Much convection–humidity research for tropical continental regions has employed high-resolution models (Khairoutdinov and Randall 2006; Grabowski et al. 2006; Wu et al. 2009; James and Markowski 2010), oftentimes with the goal of ameliorating deficiencies in convective parameterizations, particularly their poor representation of the shallow-to-deep transition and organization on the mesoscale (Betts and Jakob 2002; Bechtold et al. 2004; Grabowski et al. 2006). However, many of the feedbacks and physical processes relating deep convection to water vapor fields, which are typically not accounted for in convective parameterizations, need to be confirmed observationally. For example, the role of cold pools in the shallow-to-deep transition and mesoscale organization is believed to be critical, but has not been fully documented observationally. Longer-term (>1 year) mesoscale meteorological networks are therefore necessary to gain insights; however, to date, only brief field campaigns have been carried out [e.g., Tropical Rainfall Measuring Mission–Large Scale Biosphere-Atmosphere Experiment in Amazonia (TRMM–LBA); Silva-Dias et al. 2002].
2. Motivations and aims of study
Existing continental tropical observational networks are inadequate for addressing mesoscale convection–humidity interactions.
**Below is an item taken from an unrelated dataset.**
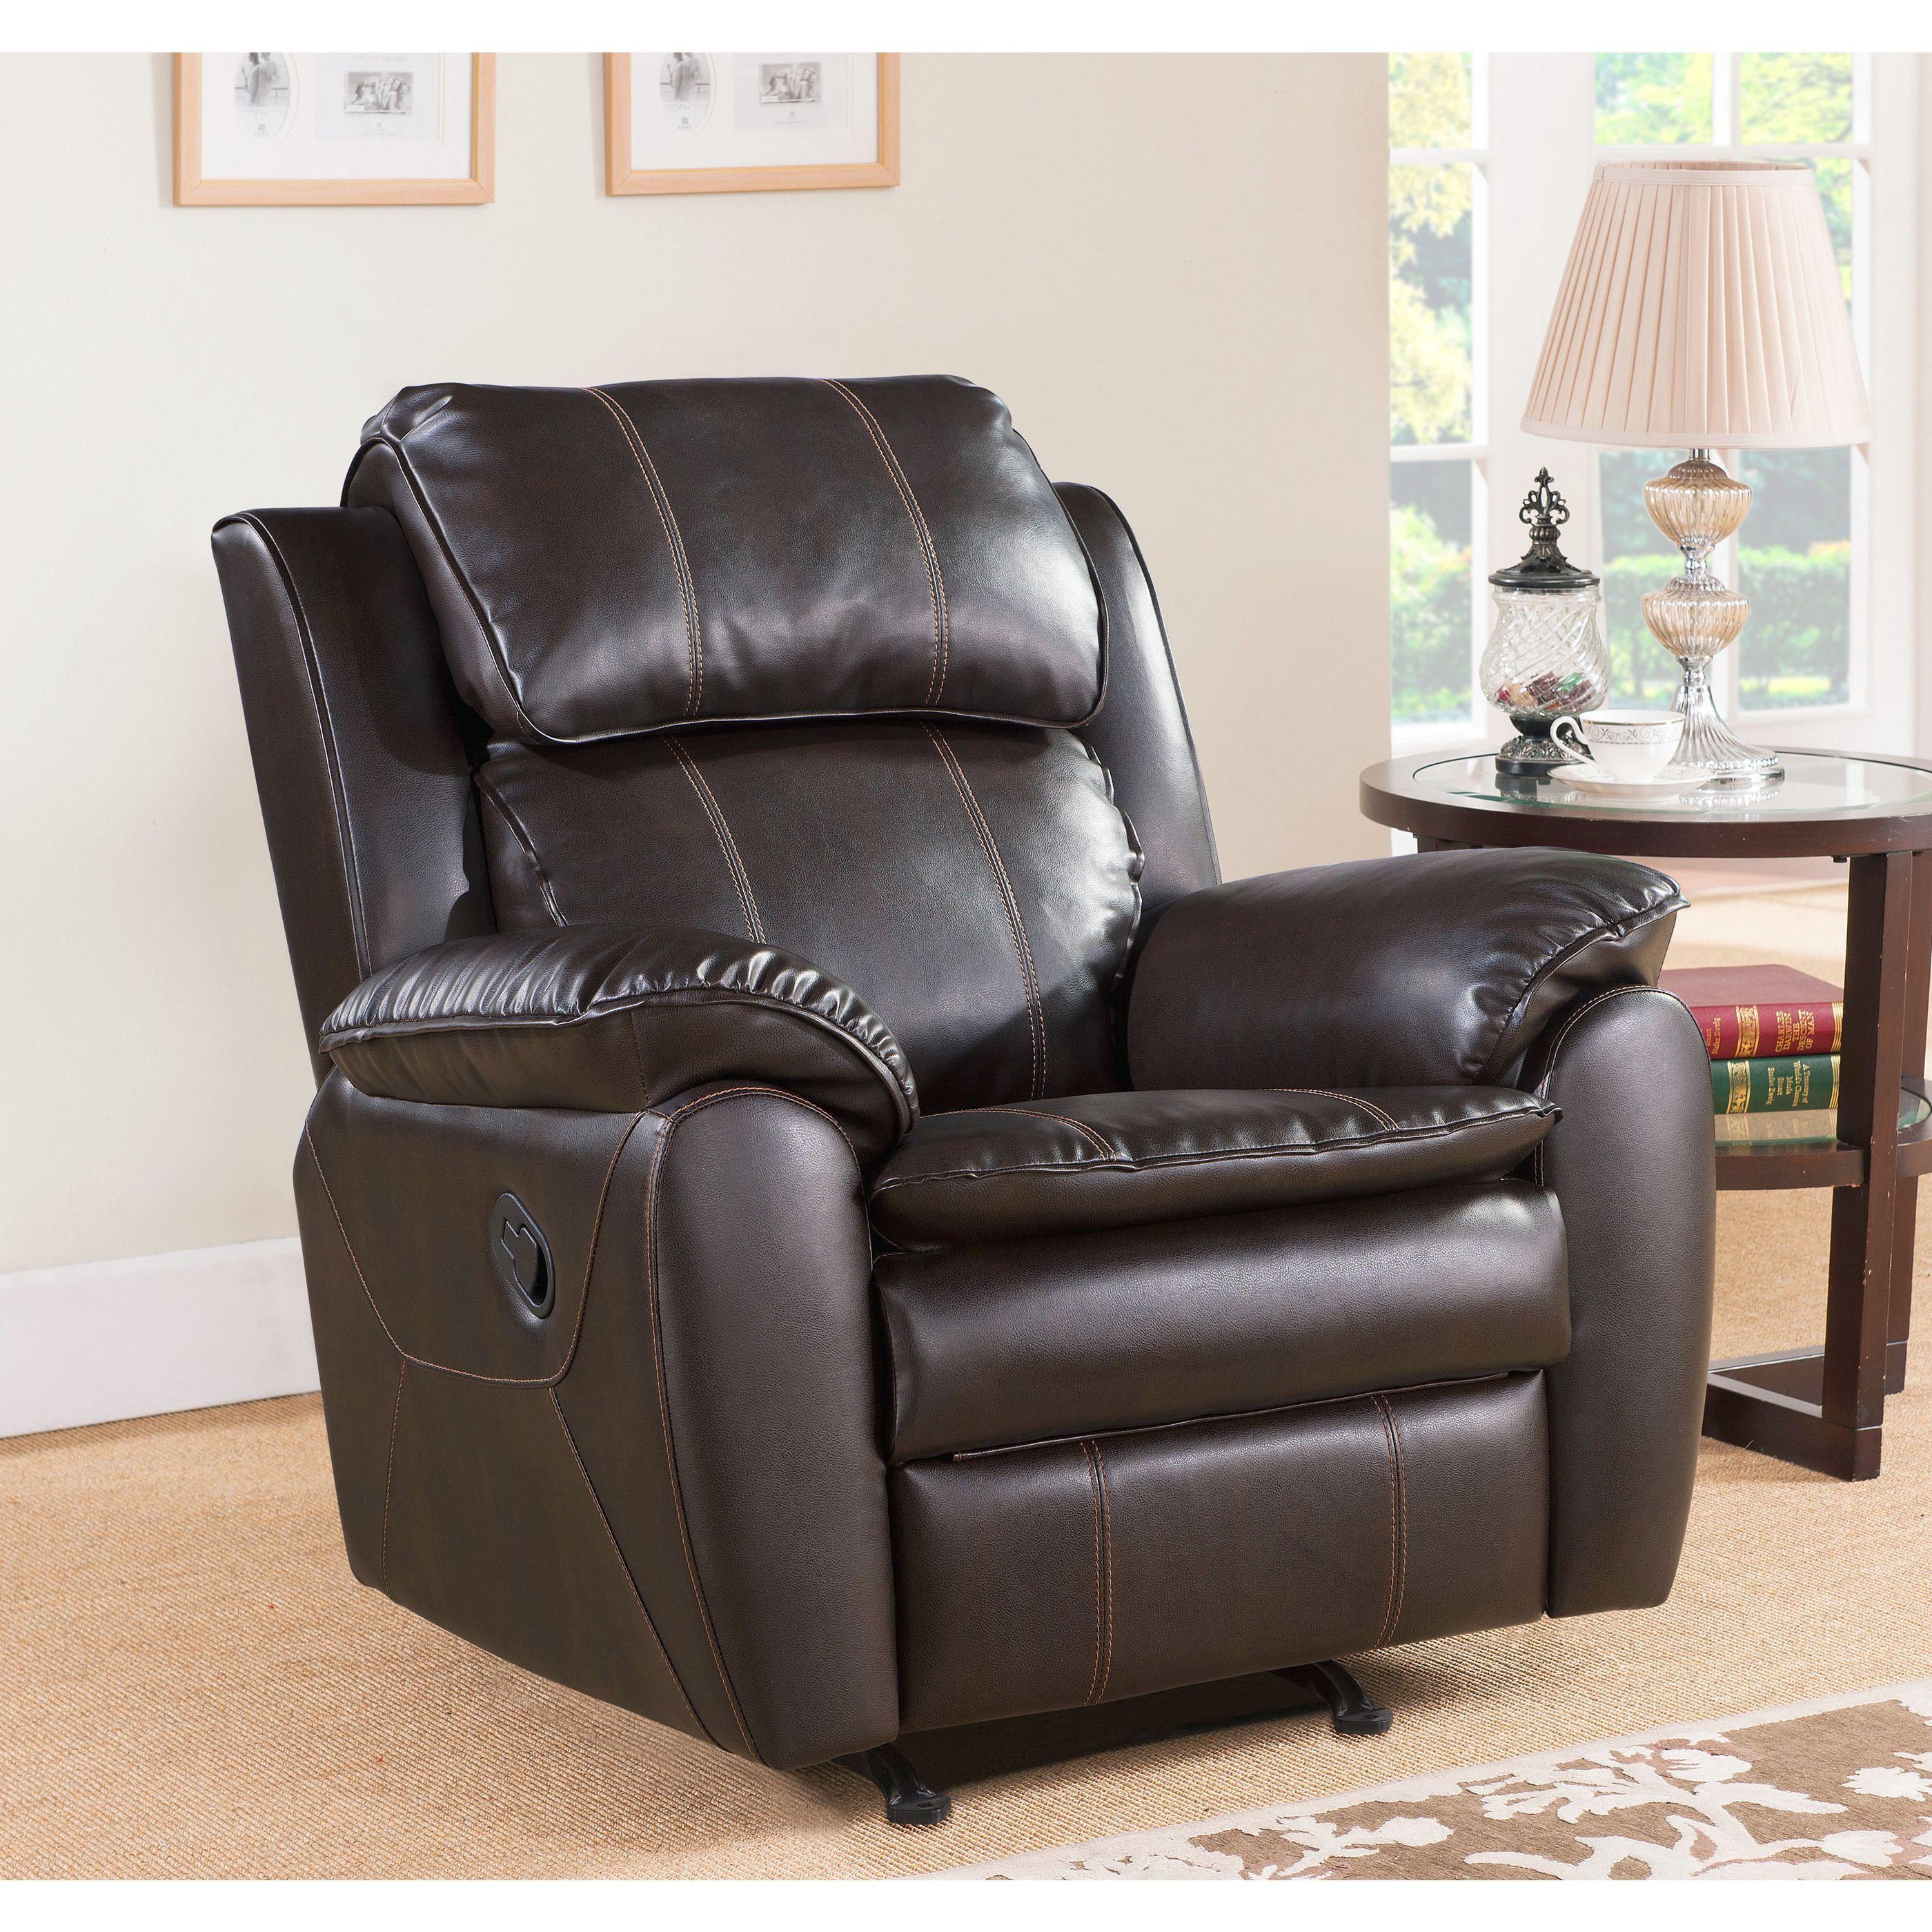 Abbyson Living Harbor Dark Brown Leather Rocker Recliner Chair

Radiosondes are sparsely located and temporally infrequent, (e.g., only two regular sites, separated by 1300 km, in all of Amazonia). Satellite passive IR radiometers are limited to clear-sky conditions (Divakarla et al. 2006) and satellite microwave radiometers, though more accurate, are less reliable over the land (Deeter 2007). More recently, ground-based Global Navigational Satellite System (GNSS) meteorology has offered high-frequency, all weather, precipitable water vapor (PWV) values with 1–2-mm (on the order of a few percent) accuracy relative to radiosondes and radiometers (Bevis et al. 1992; Rocken et al. 1993; Duan et al. 1996; Wolfe and Gutman 2000). The GNSS PWV methodology has been well established for many locations including the extremely moist such as the Amazon (Sapucci et al. 2007). Here the technology has proven useful in identifying propagating convective events (Kursinski et al. 2008; Adams et al. 2009) and estimating time scales for water vapor convergence (Adams et al. 2011).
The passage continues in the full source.